I have two dataframes of which a subset is shown below:
df1:
bo_beheerobjectsoort IH_onderdeel_naam IH_materiaal
1916 Duiker Voegovergang bitumen
1917 Duiker Voegovergang bitumen
1918 Duiker Voegovergang staal
1919 Duiker Voegovergang nan
1920 Duiker Voegovergang staal geconserveerd
df2:
GUID Objecttype (Element) sam. Objecttype (Element) sam. Materiesoort GUID Objecttype (Element) Objecttype (Element) GUID Objecttype (Beheerobject) Objecttype (Beheerobject)

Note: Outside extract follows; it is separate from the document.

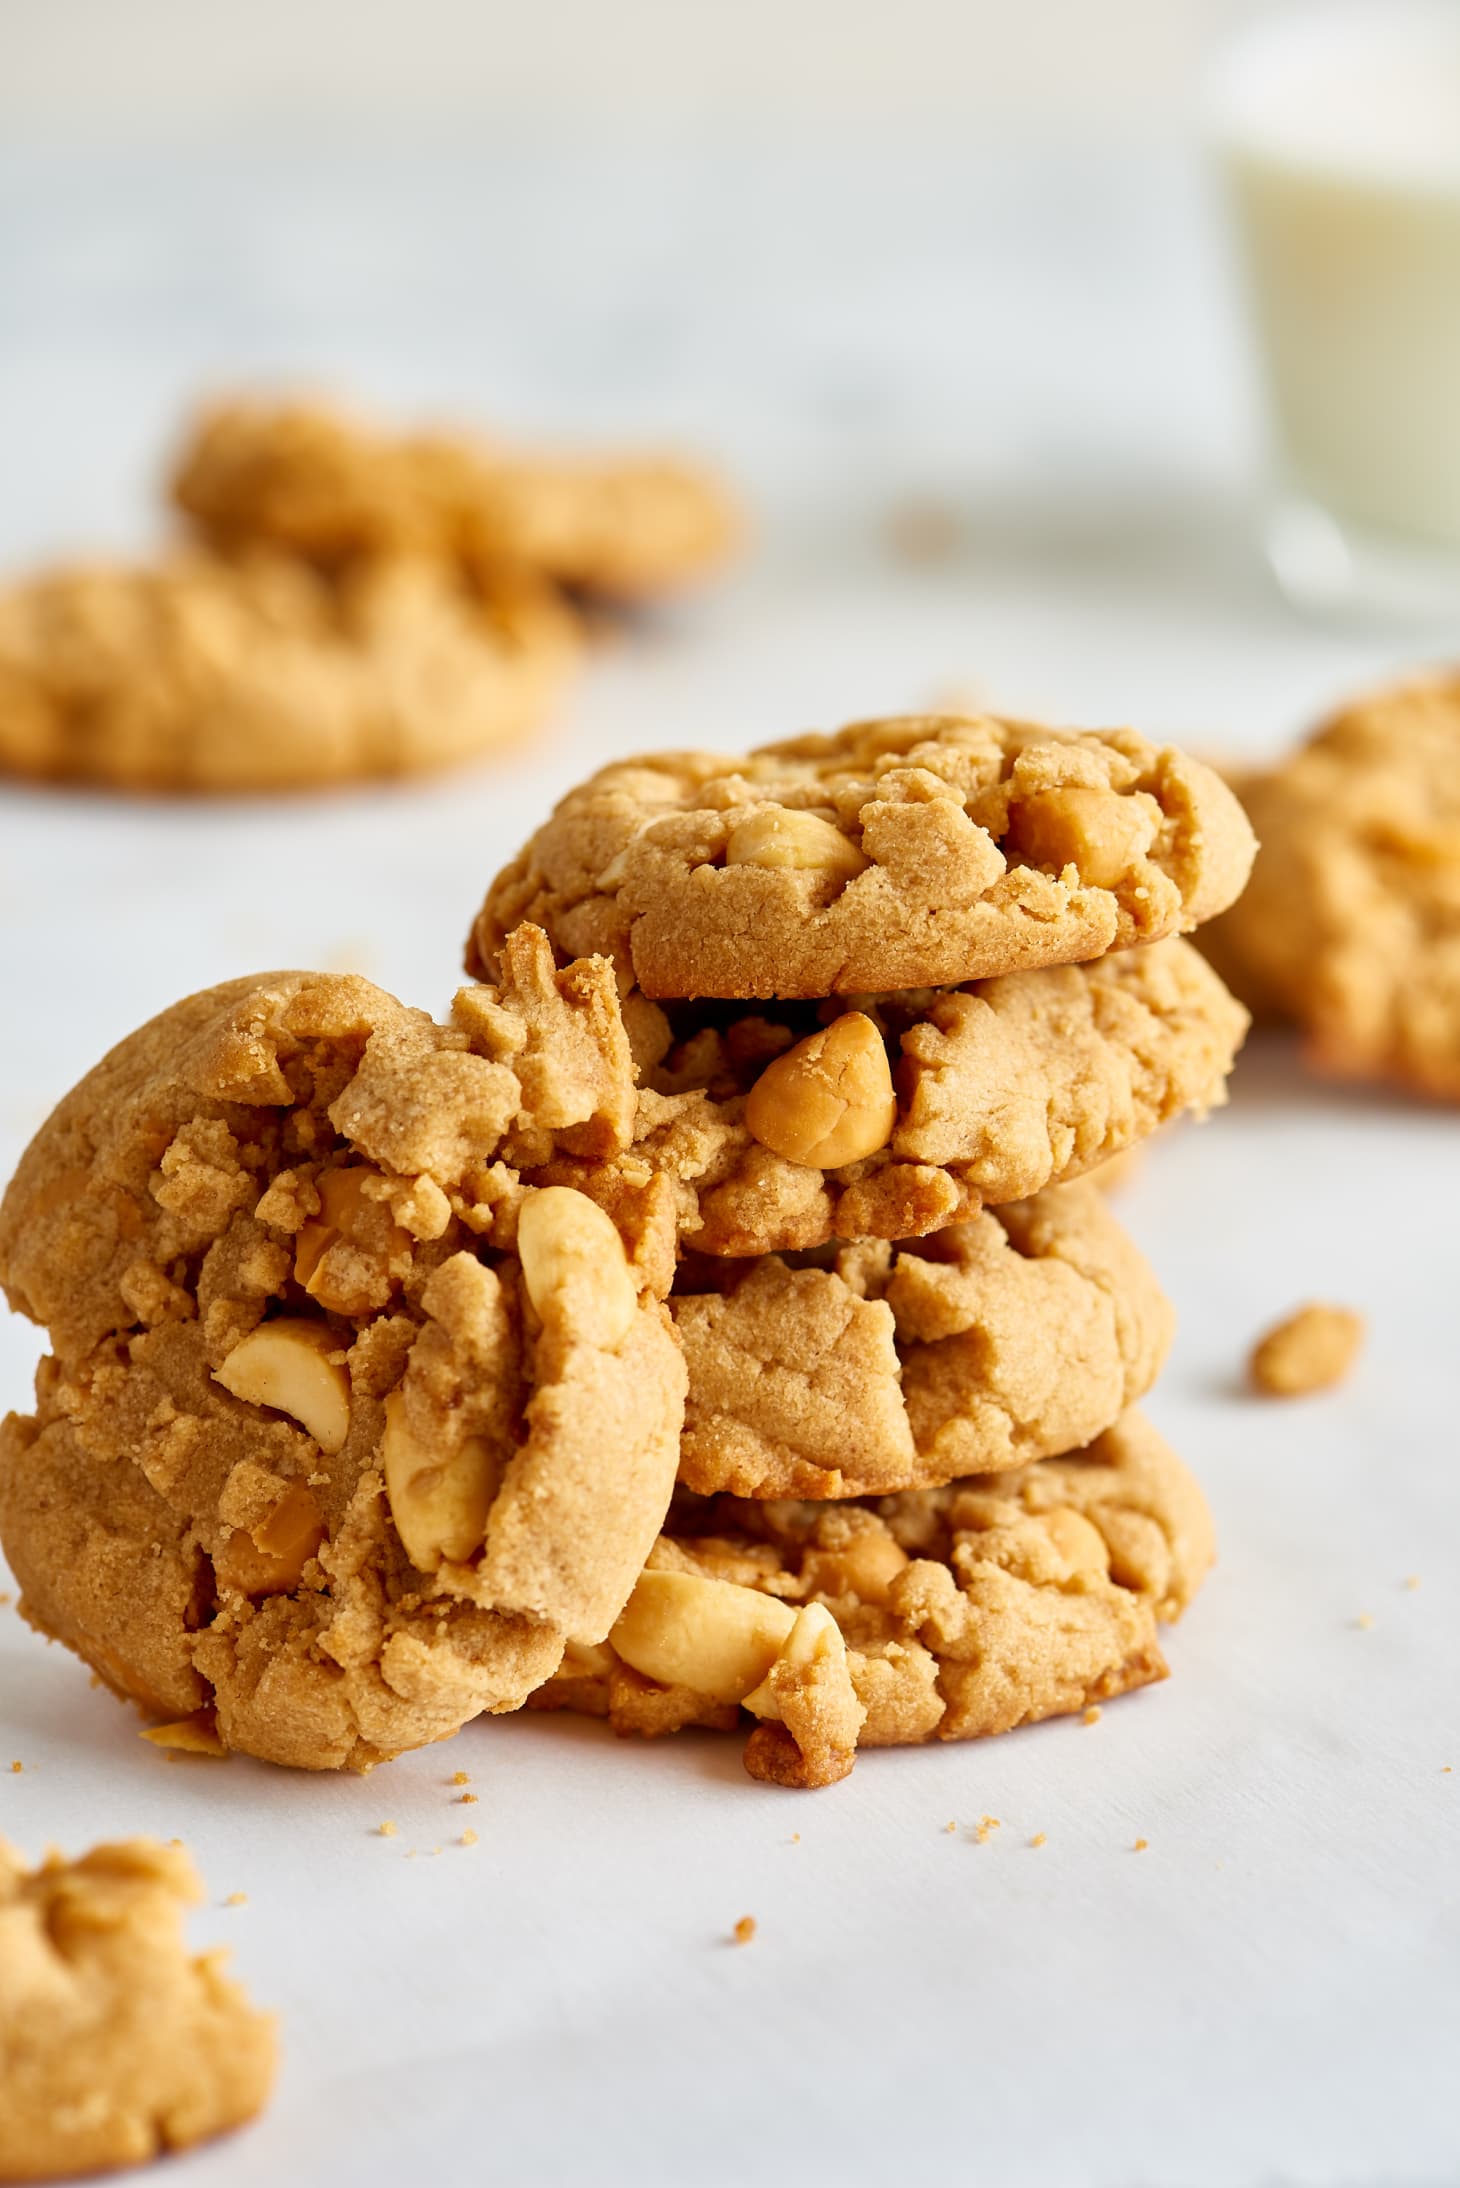 How To Make Soft & Chewy Peanut Butter Cookies | Kitchn

12 196ed841-8791-ed11-b699-001dd8d7027d Voegovergangsysteem|kunststof,-|flexibele voegovergang 4.2c kunststof f26cd841-8791-ed11-b699-001dd8d7027d Voegovergangsysteem 39e6e058-e301-ed11-b691-001dd8d70290 Duiker
13 976ed841-8791-ed11-b699-001dd8d7027d Voegovergangsysteem|bitumen,-|integraalvoegovergang 6.1 bitumen f26cd841-8791-ed11-b699-001dd8d7027d Voegovergangsysteem 39e6e058-e301-ed11-b691-001dd8d70290 Duiker
14 c16ed841-8791-ed11-b699-001dd8d7027d Voegovergangsysteem|staal,-|open voegovergang staal f26cd841-8791-ed11-b699-001dd8d7027d Voegovergangsysteem 39e6e058-e301-ed11-b691-001dd8d70290 Duiker
I want to merge the two dataframes based on multiple columns. For df1 this would be on: bo_beheerobjectsoort, IH_onderdeel_naam, IH_materiaal. For df 2 this would be on: Objecttype (Beheerobject), Objecttype (Element), Materiesoort.

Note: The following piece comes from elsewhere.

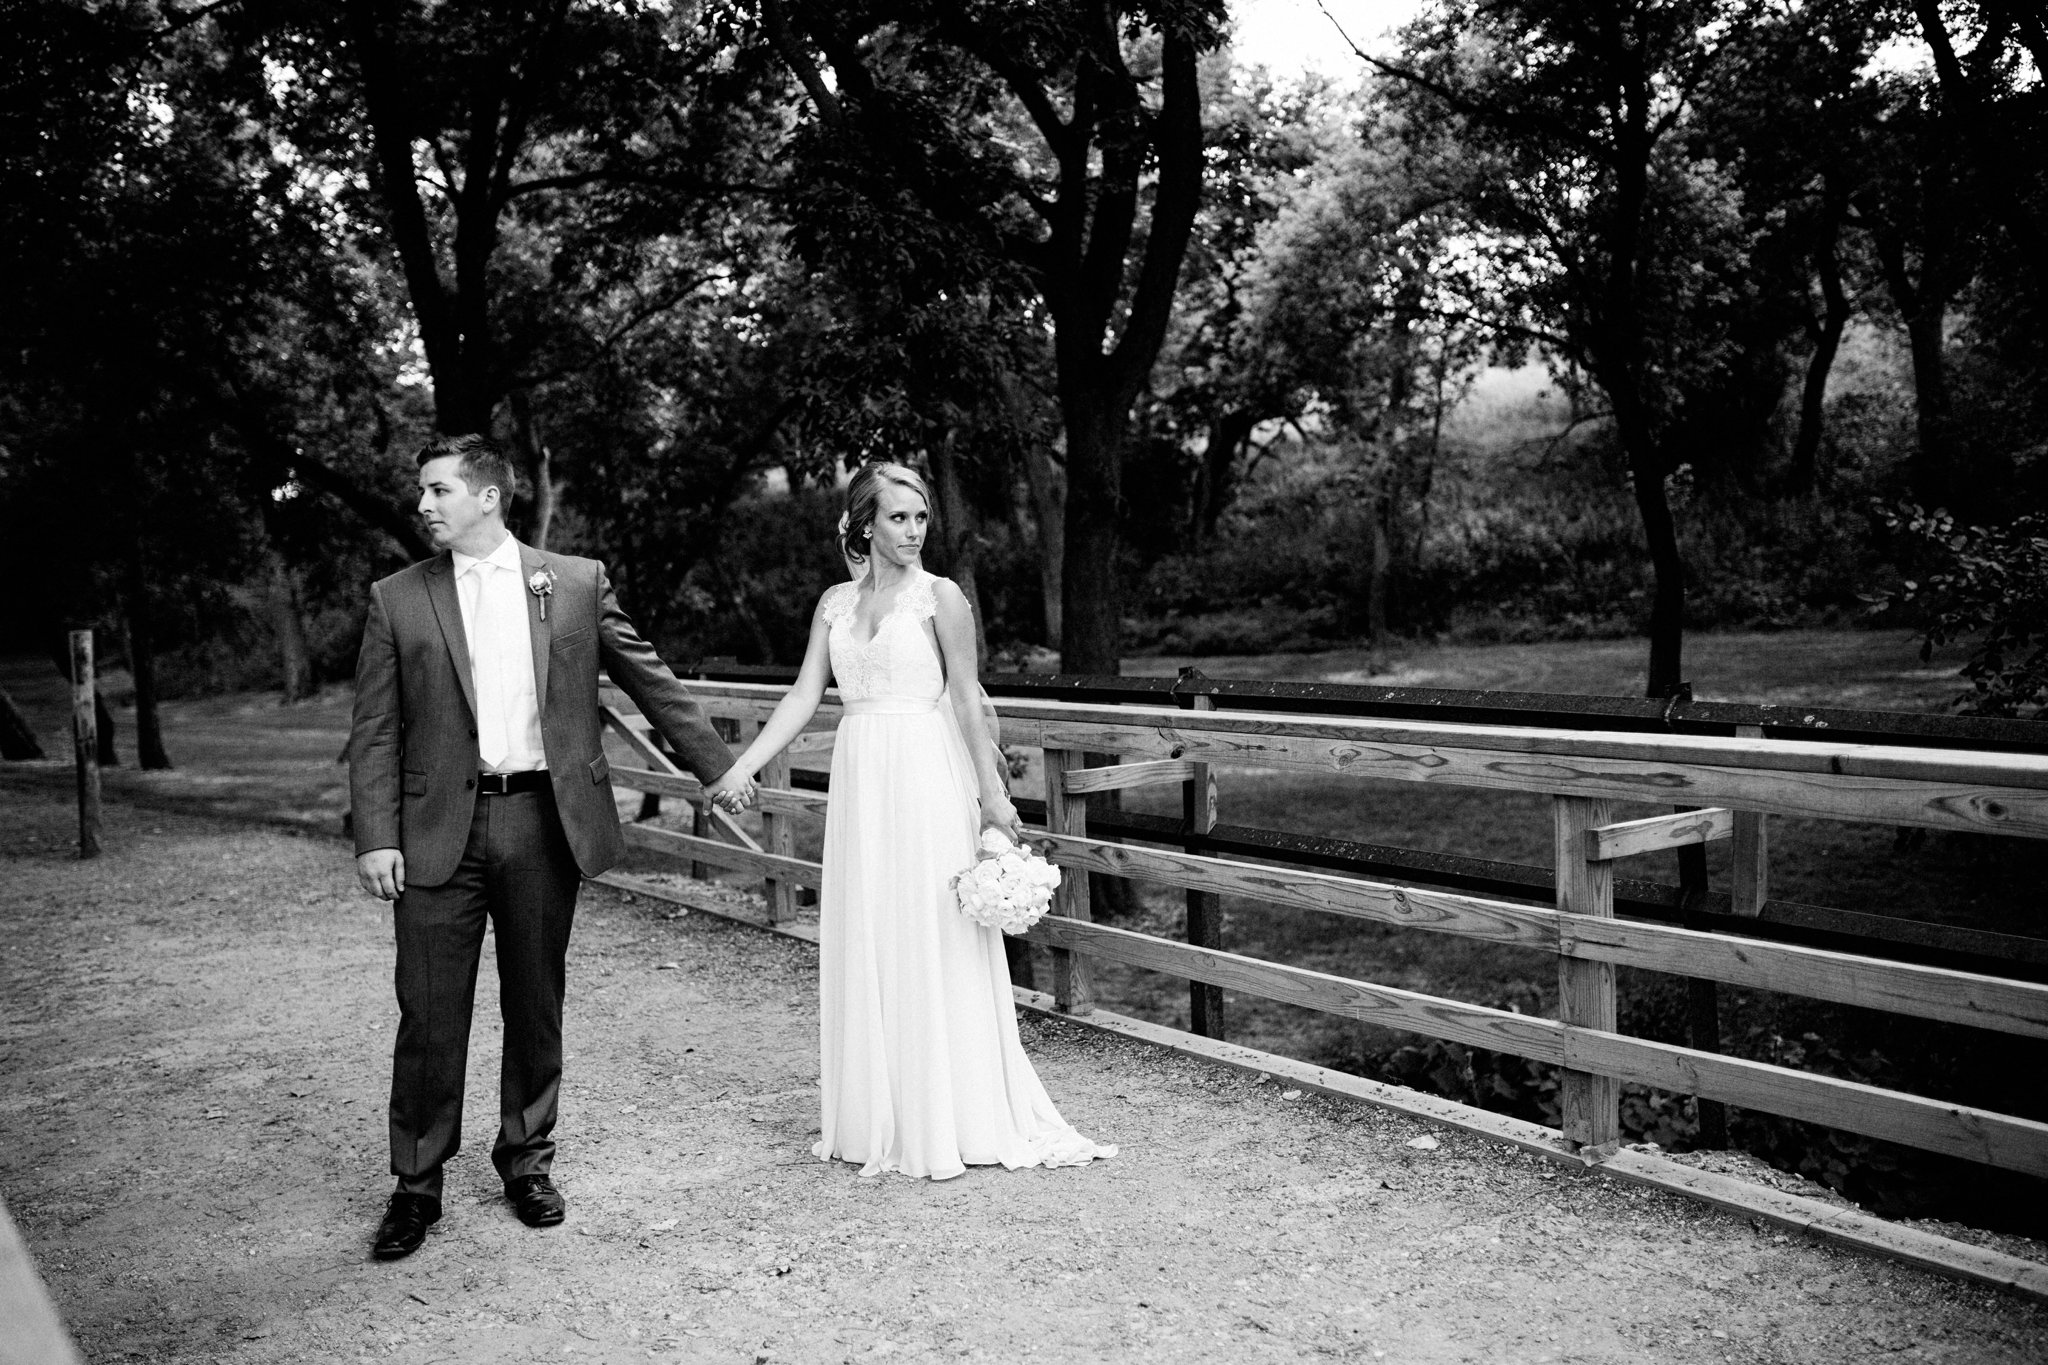 Sioux Falls Wedding Photos | Destination Photographer | Felicia The Photographer | Mary Jo Wegner Arboretum | bride and groom pose | boho bridal style | indie posing | outdoor natural photos | Romantic | Truvelle | Jordan | Backless Gown | Black and White

The problem is that the values in the columns are not completely similar, resulting in a no match. Especially when mergeing IH_onderdeel_naam, IH_materiaal and Objecttype (Element), Materiesoort. Also when no value is stated in a row for column "IH_materiaal" the corresponding GUID of objecttype (element) should be stated instead of GUID Objecttype (Element) sam.

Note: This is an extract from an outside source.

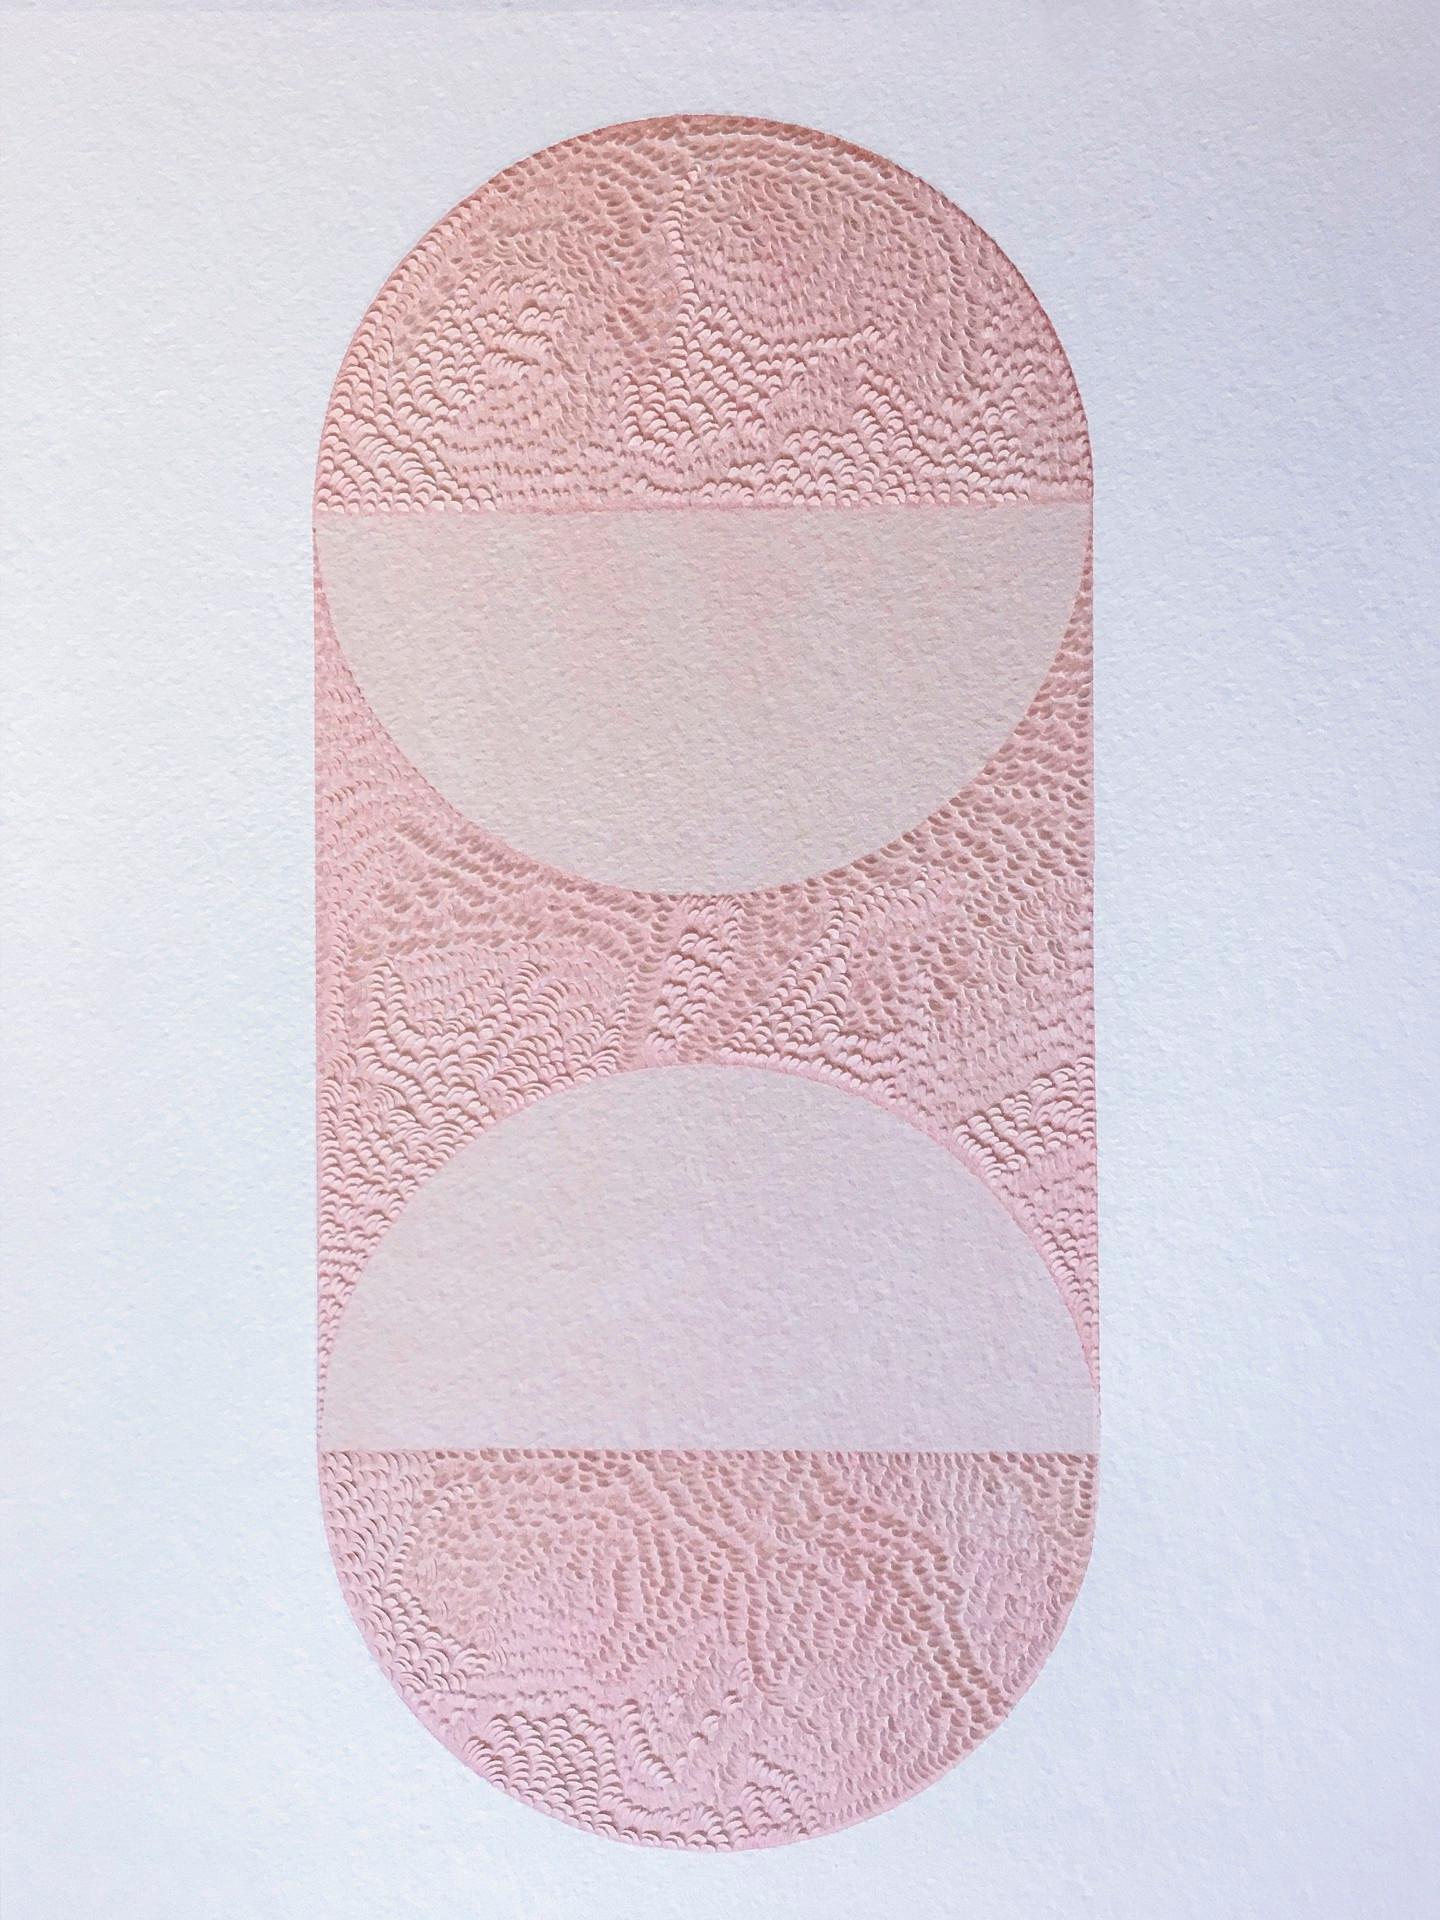 Knife Drawing XXIV - Manipulated Textured Paper with Stunning Detail (Pink)

I want the result to be like:
bo_beheerobjectsoort IH_onderdeel_naam IH_materiaal GUID Objecttype (Element) sam. GUID Objecttype (Element)
Duiker Voegovergang bitumen 976ed841-8791-ed11-b699-001dd8d7027d nan
Duiker Voegovergang bitumen 976ed841-8791-ed11-b699-001dd8d7027d nan
Duiker Voegovergang staal c16ed841-8791-ed11-b699-001dd8d7027d nan
Duiker Voegovergang nan nan f26cd841-8791-ed11-b699-001dd8d7027d
Duiker Voegovergang staal geconserveerd c16ed841-8791-ed11-b699-001dd8d7027d nan
I tried to obtain the above result with the following code, but without luck
Code
from fuzzywuzzy import fuzz
from fuzzywuzzy import process
beheerobject = ["Duiker", "Onderdoorgang", "Verzorgingsplaats", "Viaduct", "Weg"]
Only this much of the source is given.